Nobody ever said the Federal Reserve Board was perfect. Indeed, prize-winning economists spanning the ideological spectrum are complaining that the Fed prolonged the Bush recession by keeping interest rates too high. No doubt George Bush would agree. But do these complaints justify efforts on Capitol Hill to place tighter congressional controls on the nation's central bankers?

We think not. Having botched fiscal policy over a large number of years, Congress should be wary of trying to control monetary policy.

It is quite in order for Maryland's Sen. Paul S. Sarbanes to argue that monetary policy must take over the job of stimulating the economy that fiscal policy, with its mountainous deficits, can no longer shoulder.

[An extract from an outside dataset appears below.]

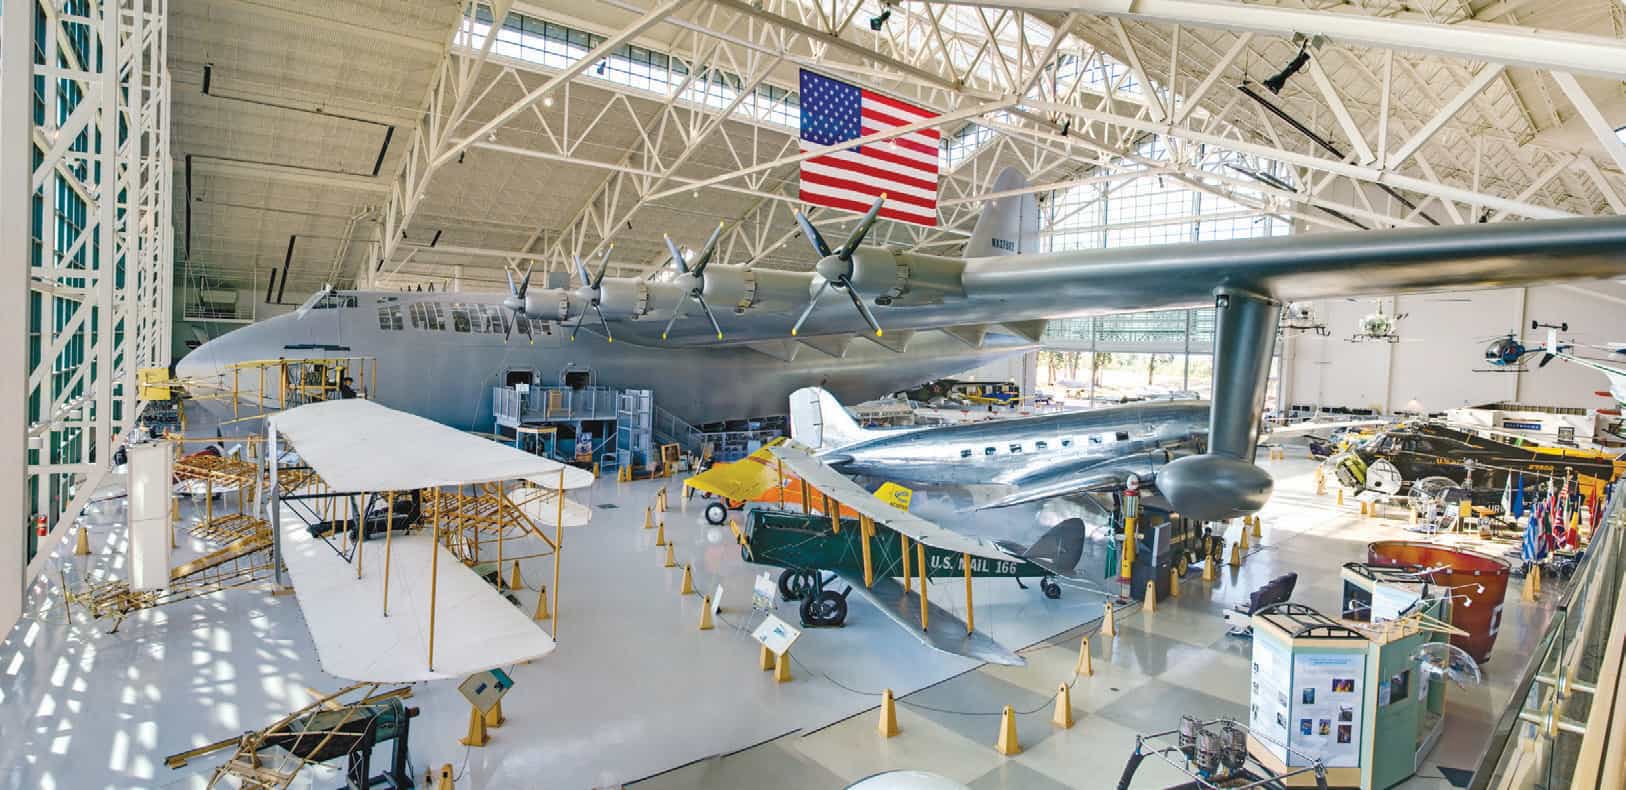 Evergreen Aviation & Space Museum is home to the famed Spruce Goose, Howard Hughes’ flying folly.

But the moment the bond markets ever come to believe that he and other liberals will succeed in shearing the Federal Reserve Board of its independence, watch out!

That's the moment rekindled fears of inflation push long-term interest rates through the roof. That's the moment the strong recovery sought by Senator Sarbanes is choked off by the high cost of money. In most nations, there is a constant tug of war between politicians responding to popular pressures for easy money and central bank guardians of unpopular austerity.

It is heartening that for the moment President Clinton supports the Fed's present structure. It is equally heartening that Fed chairman Alan Greenspan, a Republican appointee, has voiced tentative approval of the administration's economic policies. To the extent these two power sectors can work together, the dangers of an inflationary, populist breakout on Capitol Hill will be that much less.

Right now Senator Sarbanes, in Joint Economic Committee hearings, is arguing that the Federal Reserve kept monetary aggregates from growing fast enough to end the recession and put the recovery on a non-faltering upward track. Mr. Greenspan replies that the measures used by Senator Sarbanes are somewhat out of date and that the Fed lowered interest rates at a pace rarely seen.

There's an element of truth in both positions. But the fact remains that long-term interest rates have stayed stubbornly way in excess of what they should be over short-term rates. This reflects the fears in financial markets that Washington will not be able to contain the built-in inflationary pressures of huge deficits and the popular demand for a faster pace of recovery.

President Clinton can ease these fears, provided his assault on federal deficit financing is credible and he works harmoniously with the Fed.